An alternative, more data-driven approach is letting historical data on assets and/or market risks delineate the regimes for you. A specific example of this approach is a Gaussian Mixture Model (GMM), which is a type of unsupervised learning method.1 The GMM uses various Gaussian distributions (another word for a normal, bell curve distribution) to model different parts of the data. As a simple example, imagine we had a single time series of an asset’s returns. As we know, returns of financial assets do not always follow a normal distribution. So a GMM would fit various Gaussian distributions to capture different parts of the asset’s return distribution, and each of those distributions would have its own properties, like means and volatilities. In Exhibit 1 below, we show an illustrative example of how a GMM might model a single time series. The green Cluster 2 captures the center part of the asset’s return data, while the red and blue Clusters 1 and 3 capture the tails.

Thus, the GMM is able to use a combination of normal distributions to model both the center and the tails of an asset’s distribution.
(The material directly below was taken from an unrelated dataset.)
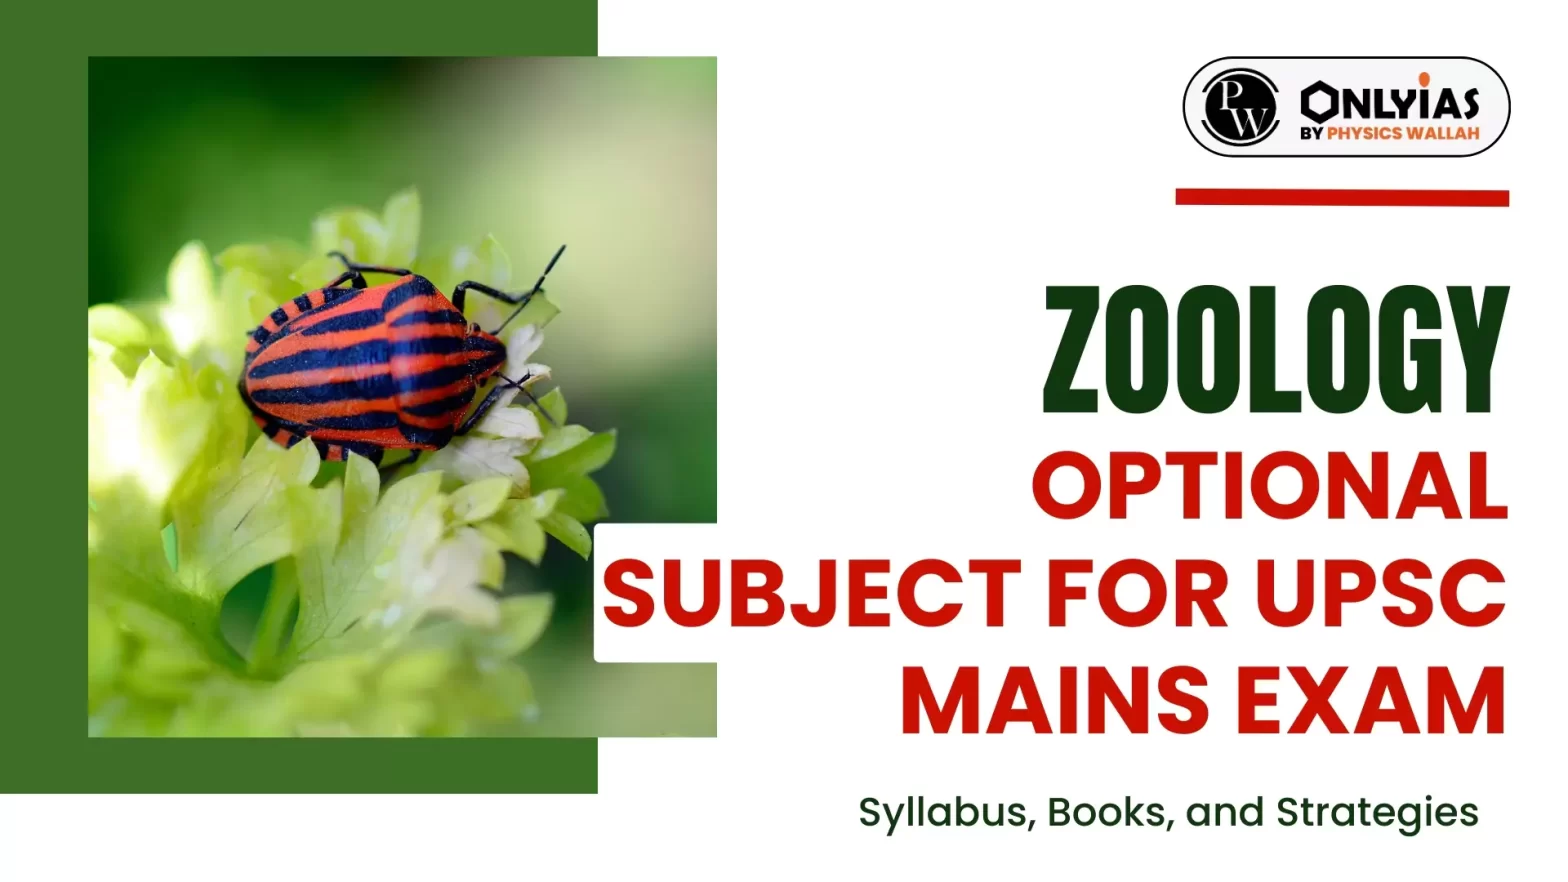 Zoology Optional Subject for UPSC Mains Exam: Syllabus, Books, and Strategies

We believe this is an especially helpful method for modeling financial assets, as their return distributions can often exhibit skew with a meaningful number of observations in the tails.

Source: Towards Data Science, as of June 24, 2021

We want to provide the GMM with returns data from more than one asset to have a broader representation of the overall market and risks. So we will provide the GMM with the historical returns of the factors in the U.S. version of the Two Sigma Factor Lens, with most of the factor data dating back to the early 1970s (see Appendix 1 in the PDF version of this article for the start dates by factor). Instead of modeling the distribution of a single asset, like we did in Exhibit 1, we will ask the GMM to model the joint distribution of all 17 factors in the lens.2

Four Market Conditions

The result of the GMM using the Two Sigma Factor Lens factor data was four different clusters, or what we think may correspond to four different types of market conditions.3 As we mentioned earlier, regimes can be defined as periods of fairly persistent market conditions, so, in the next section, we will observe the behavior of these four market conditions over time to identify regimes.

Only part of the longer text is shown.